TL;DR: Cayenne using DISTINCT for column queries in 4.2 affects Agrest
algorithms, but is nevertheless correct and should stay around.
----
When testing M1, I noticed a difference in ordering of the second-level results
in Agrest vs 4.0/4.1. Those are generated in Agrest via a SelectQuery with
columns roughly looking like this:
List<Property<?>> properties = new ArrayList<>();
properties.add(Property.createSelf(E3.class));
Expression exp = ExpressionFactory.dbPathExp("e2.id");
properties.add(Property.create(exp, Integer.class));
SelectQuery query = new SelectQuery(E3.class);
query.setColumns(properties);
Here "e2" is a to-one relationship. The difference in generated SQL between 4.0
and 4.2 is the DISTINCT keyword added in the latter:
4.0:
SELECT t0.name, t0.e2_id, t0.id_, t1.id_ FROM utest.e3 t0 JOIN utest.e2 t1 ON
(t0.e2_id = t1.id_)
4.2:
SELECT DISTINCT t0.name, t0.e2_id, t0.id_, t1.id_ FROM utest.e3 t0 JOIN
utest.e2 t1 ON t0.e2_id = t1.id_
Both produce the correct result, but since there's no explicit ordering, the
actual order of the objects returned by Derby is different. I am less worried
about the ordering (this was just an indicator to me that something has
changed), but DISTINCT has a performance impact, and now it seems it will
affect the main execution path of Agrest.
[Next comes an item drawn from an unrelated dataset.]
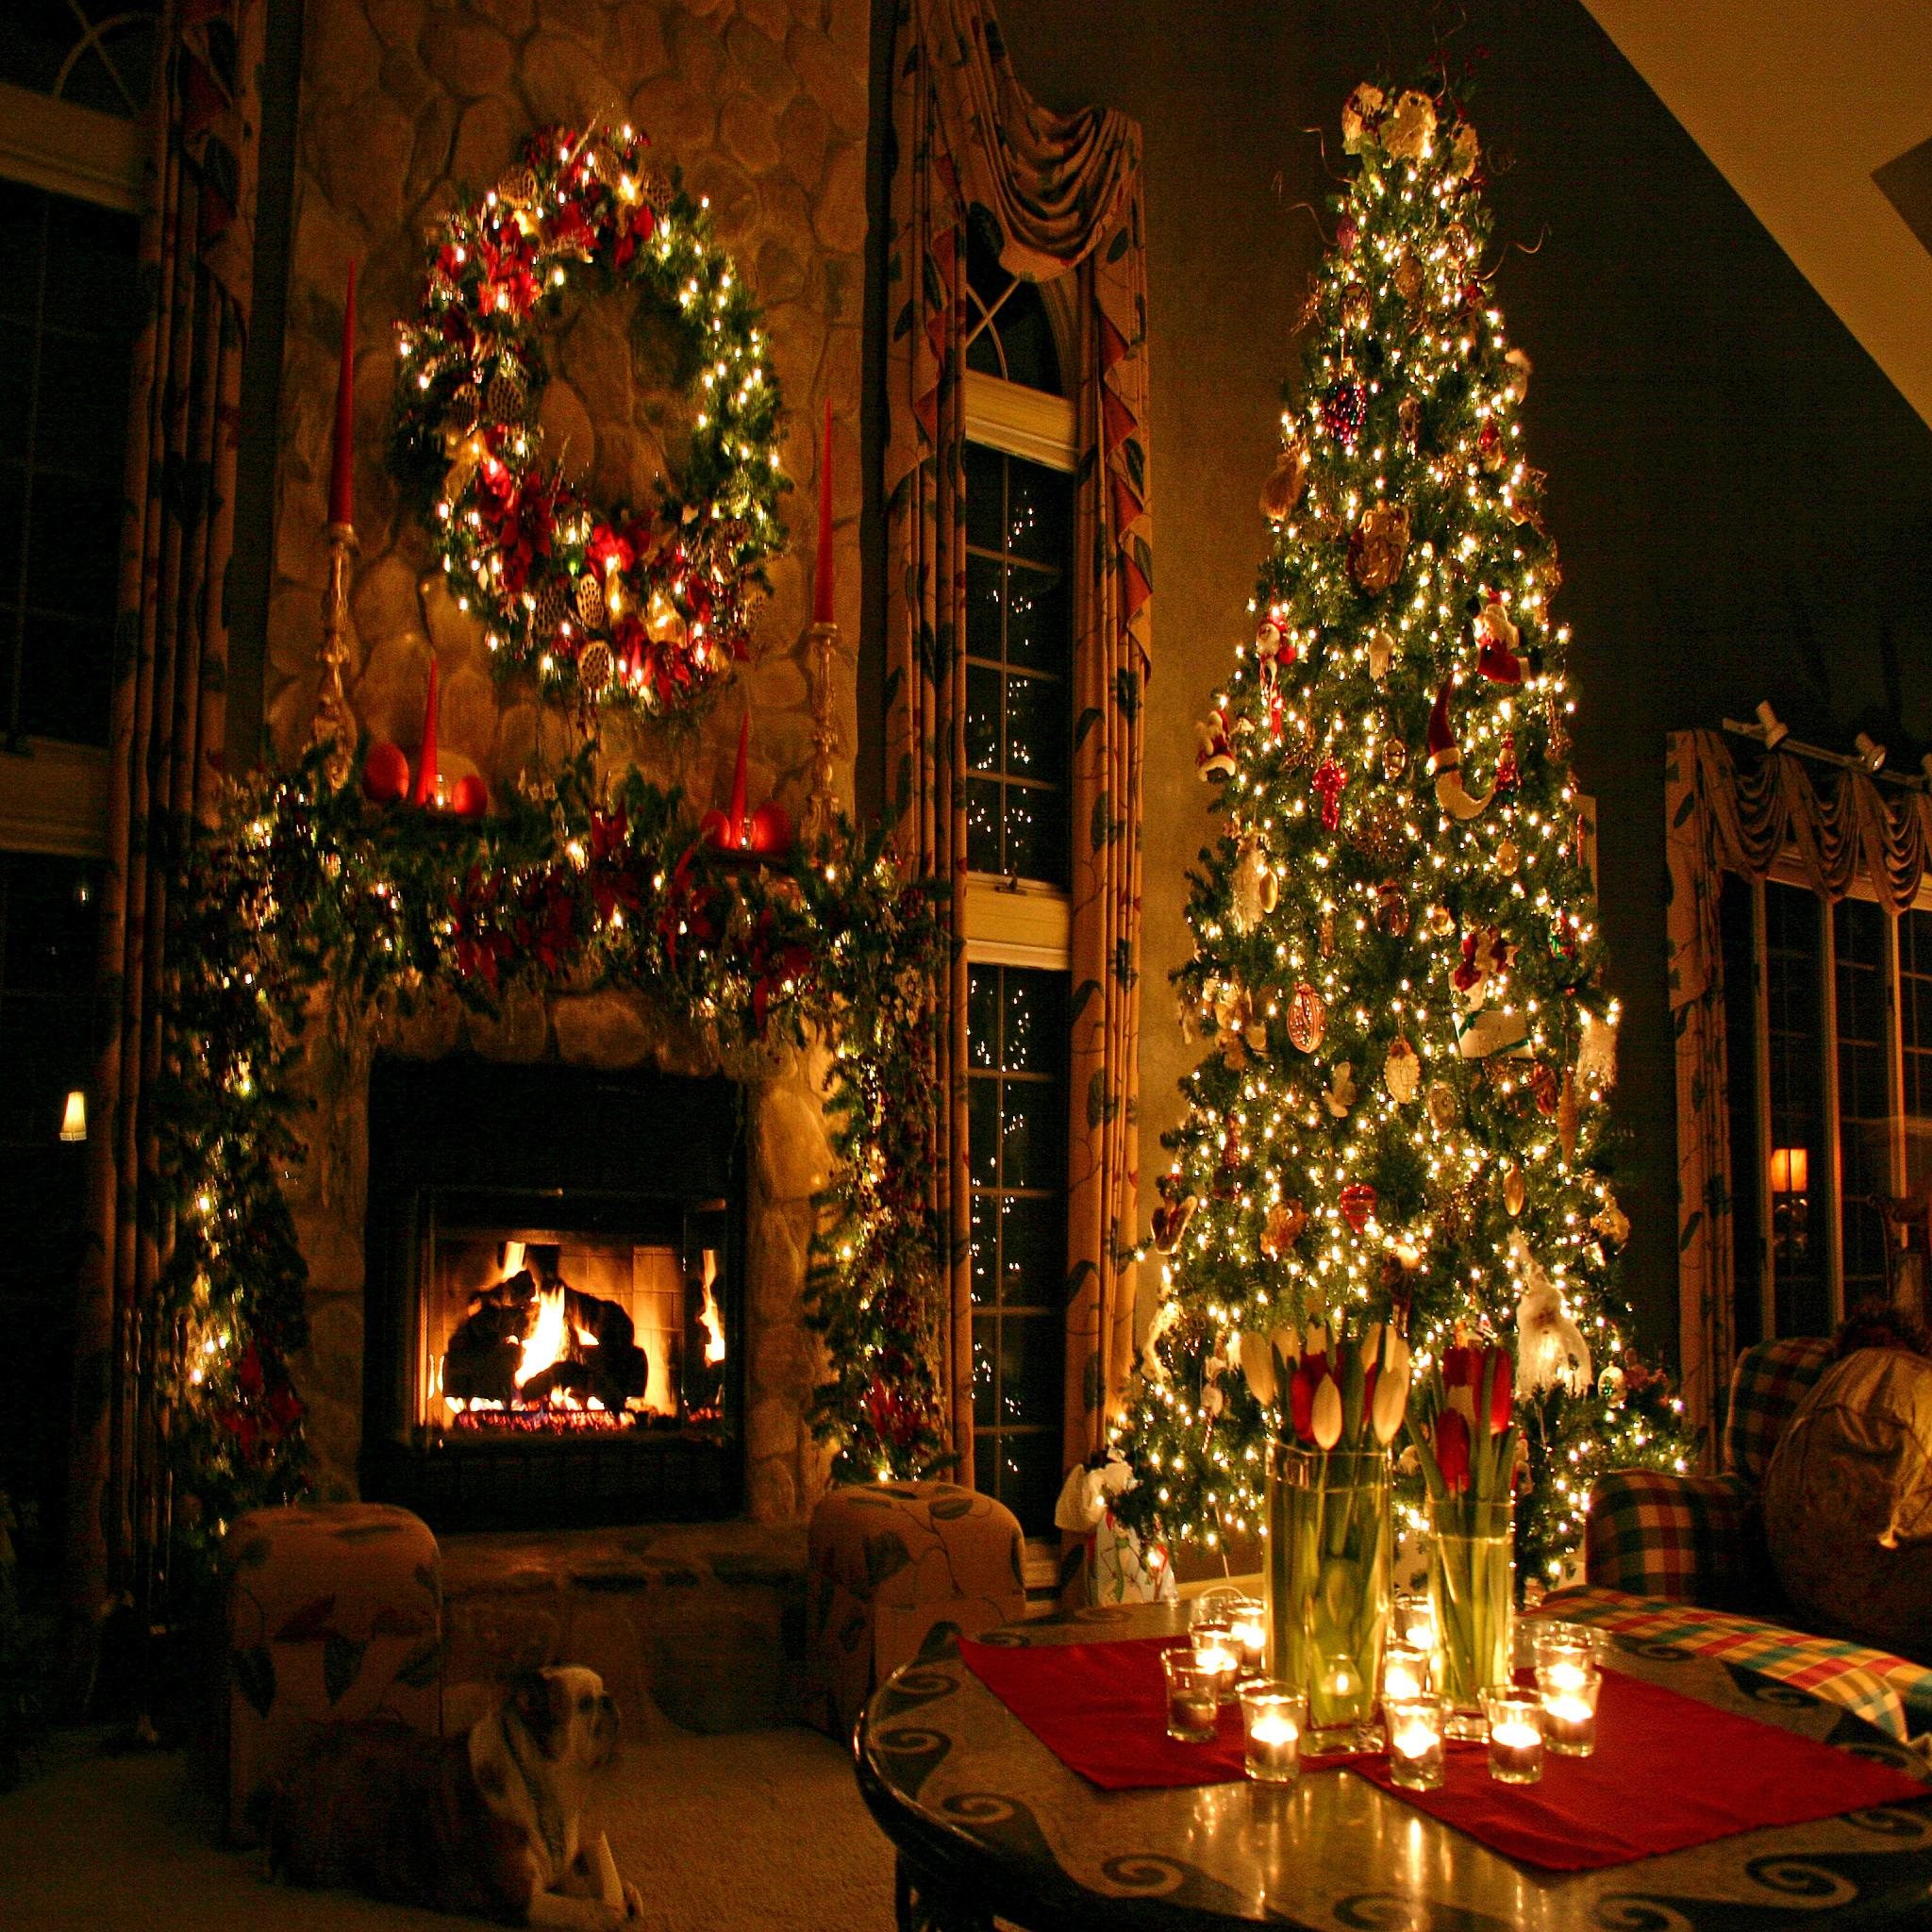 Christmas Season Wallpaper

I suppose Cayenne behavior in 4.2 is correct as with column queries there are
no simple rules for when there may be duplicate result rows. Our case doesn't
require DISTINCT only because of the special combination (entity and a related
to-one id). And we need to fix this on Agrest end (that join is redundant in
case of to-one).
Still figured I'd mention...
Andrus